La máscara ideal depende tanto de la forma de las pestañas y de los ojos como del efecto que se quiera conseguir. Las pestañas cortas y escasas se benefician de un cepillo de plástico con púas espaciadas que cubre cada pestaña sin grumos, con una fórmula que aporta longitud y volumen. Las pestañas largas pero finas se benefician de una fórmula voluminizadora a base de ceras densas. Las pestañas caídas requieren una máscara rizadora con plastificantes, que se aplica después del rizador de pestañas. La elección del cepillo suele ser más determinante que la fórmula: cónico para los ángulos internos y las pestañas cortas, esférico para el volumen general. Para las pestañas más densas y alargadas, los sérums potenciadores preparan el terreno antes de aplicar la máscara.
Presente en la mayoría de las máscaras naturales y ecológicas (Avril, Même), el aceite de ricino (ácido ricinoleico 85-90 %) forma una película oclusiva sobre cada fibra ciliar que retiene la humedad y reduce la rotura al desmaquillarse. Si se aplica regularmente en la raíz de las pestañas, mejora su resistencia mecánica durante varias semanas. Su textura espesa puede hacer que las fórmulas voluminizadoras resulten pesadas; por eso, las máscaras de pestañas naturales la diluyen en disolventes vegetales volátiles para conseguir un resultado más ligero.

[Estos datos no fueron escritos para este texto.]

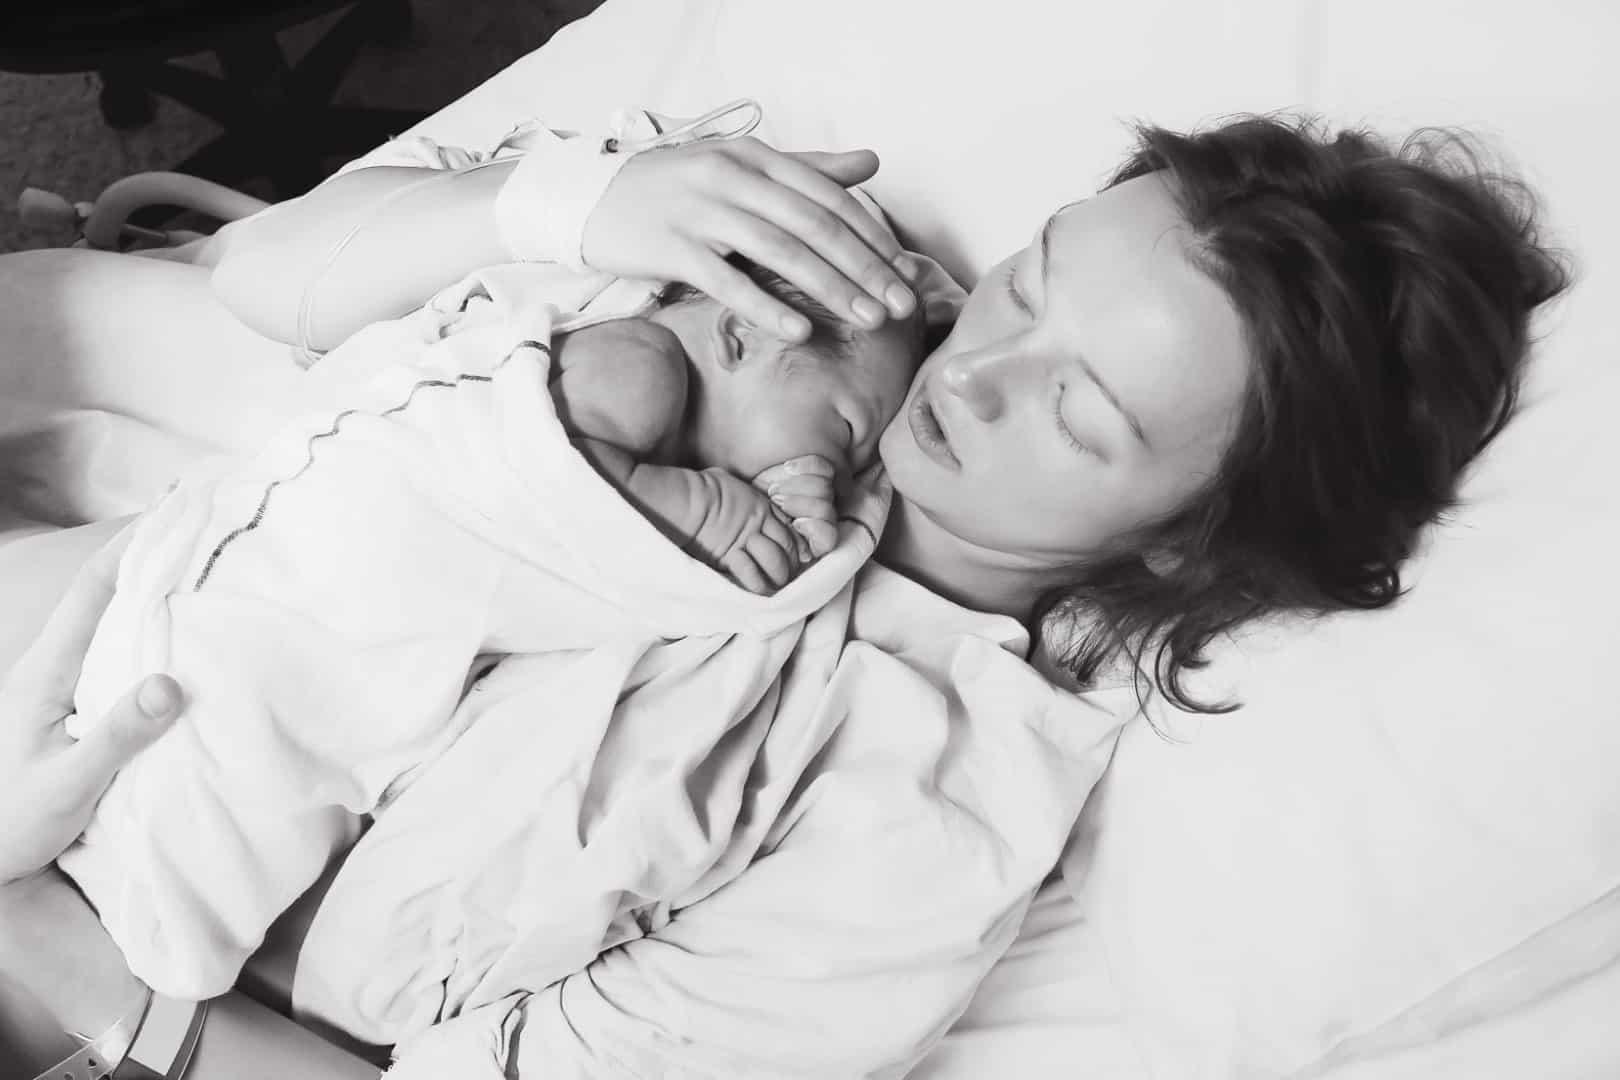 Hire a Birth & Postpartum Doula - Emily Edgar Doula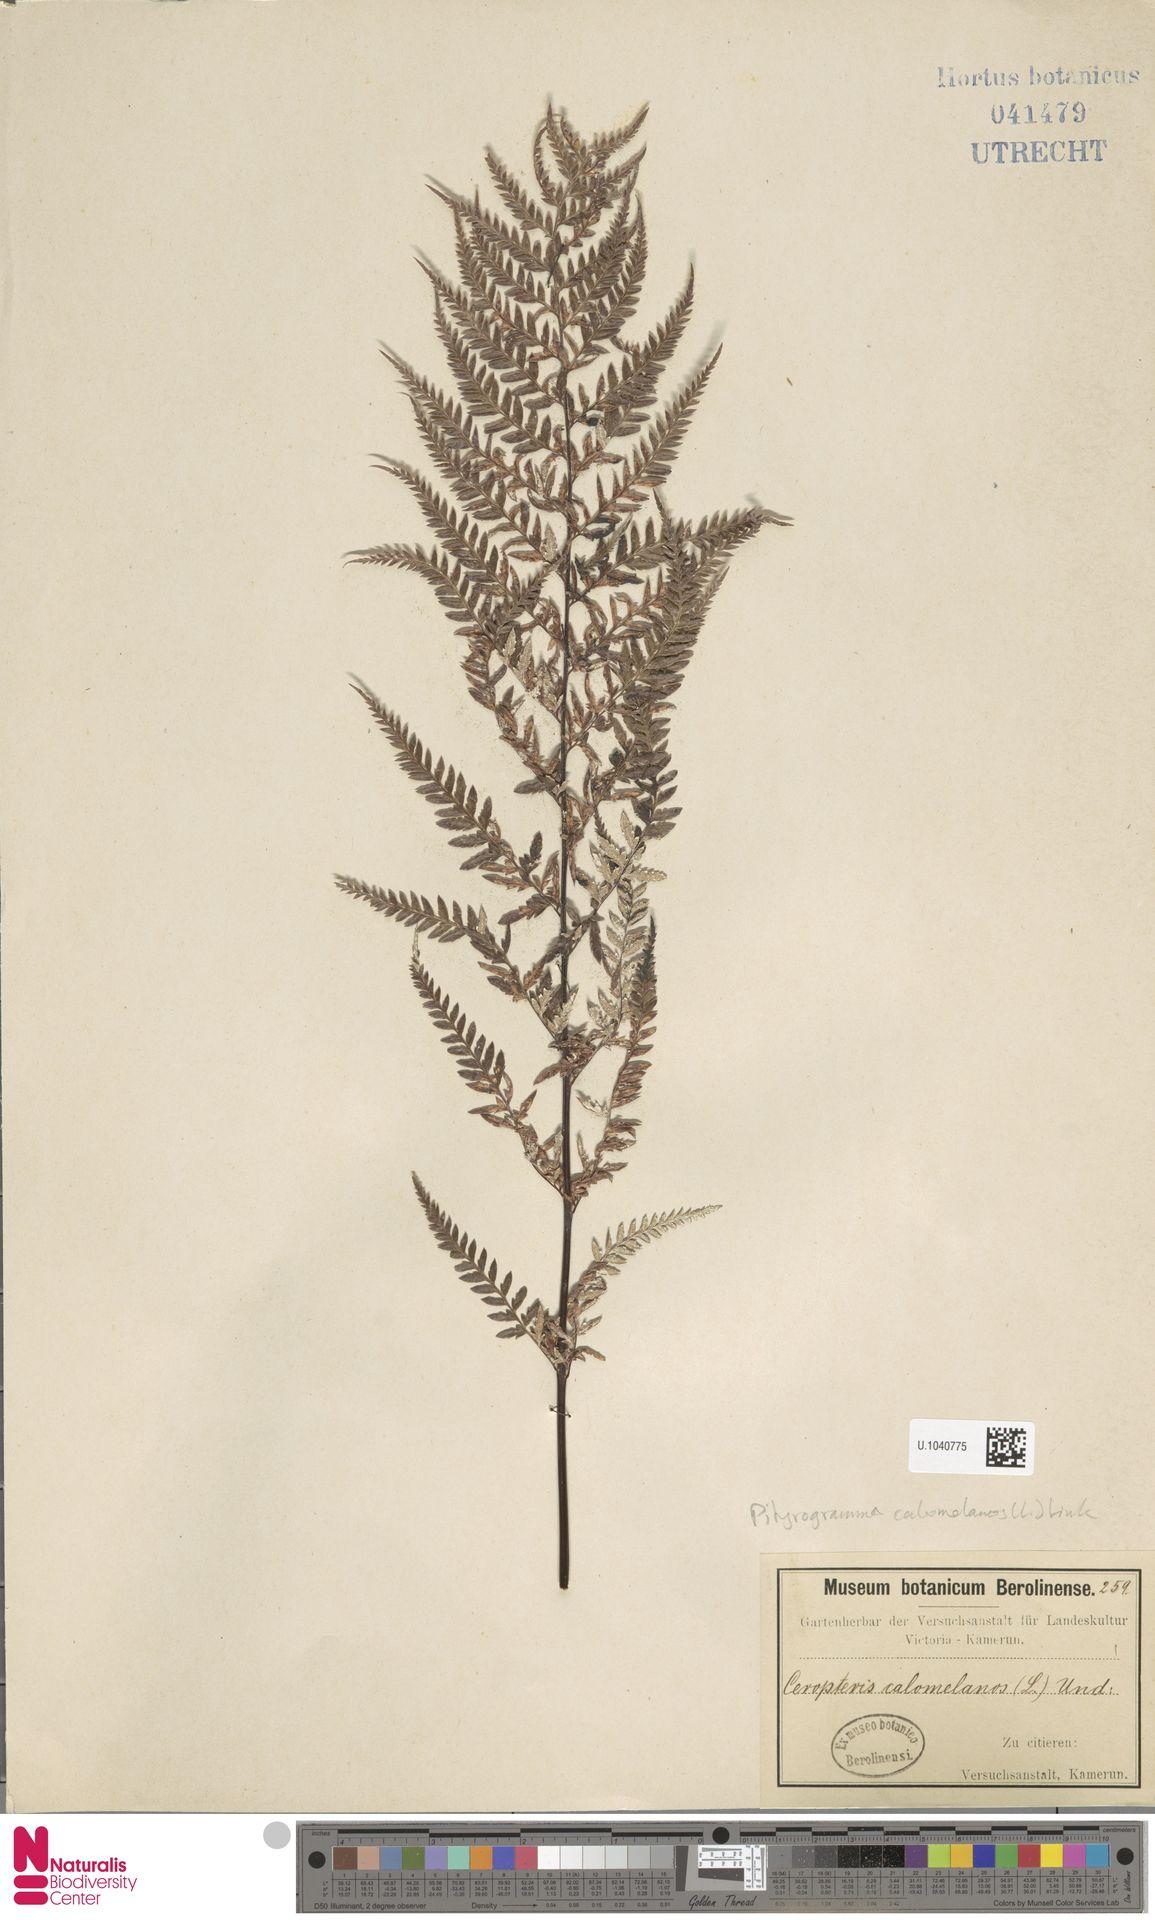 U.1040775 | Pityrogramma calomelanos (L.) Link

El aceitede argán (escualeno, tocoferoles, índice comedogénico 0-1) es el aceite nutritivo de referencia en las máscaras de pestañas de gama alta. Su escualeno reduce la electricidad estática responsable de que las pestañas se aplasten, mientras que sus tocoferoles protegen los pigmentos de la oxidación y prolongan la duración del color. El aceite de jojoba (cera líquida resistente a la oxidación) se incorpora a las máscaras de pestañas suaves por sus propiedades deslizantes: facilita una aplicación uniforme y su vida útil, superior a dos años, lo convierte en un conservante natural eficaz.
La diferencia radica en tres grupos de ingredientes. Las ceras: parafina y ozokerita (sintéticas de origen petroquímico) en las fórmulas convencionales frente a ceras vegetales y de abeja en las fórmulas ecológicas. Los conservantes: parabenos y fenoxietanol frente a tocoferol y ácido deshidroacético. Los pigmentos: óxidos de hierro certificados sin metales pesados en ambos casos —la normativa europea es idéntica—. Las máscaras de pestañas ecológicas certificadas (Avril, Même) ofrecen una mayor tolerancia para las pieles atópicas y los ojos sensibles, aunque su vida útil tras la apertura es más corta (de 4 a 6 meses frente a los 12 meses de las convencionales).
Las personas que llevan lentes de contacto siempre deben aplicarse la máscara después de ponerse las lentes. Las fibras de algunas máscaras alargadoras (de nailon o celulosa) pueden depositarse en las lentillas y provocar queratitis por irritación; es preferible utilizar máscaras sin fibras, a base de agua y sin conservantes irritantes. Para quienes llevan gafas, una máscara alargadora evita que las pestañas toquen los cristales cada vez que parpadean. Rizar las pestañas con un rizador antes de aplicarla aleja las pestañas de los cristales y optimiza la apertura de la mirada.
El desmaquillado es el paso más determinante para la salud de las pestañas a largo plazo: nunca frotes. Empapa un disco de algodón con un desmaquillante bifásico (para máscara de pestañas resistente al agua) o con agua micelar (fórmula clásica), mantenlo entre 20 y 30 segundos sobre las pestañas cerradas y, a continuación, deslízalo hacia abajo de un solo movimiento. Los restos de rímel que no se eliminan obstruyen los folículos de las pestañas y favorecen la blefaritis crónica. Un maquillaje de ojos bien cuidado siempre incluye este desmaquillado completo cada noche.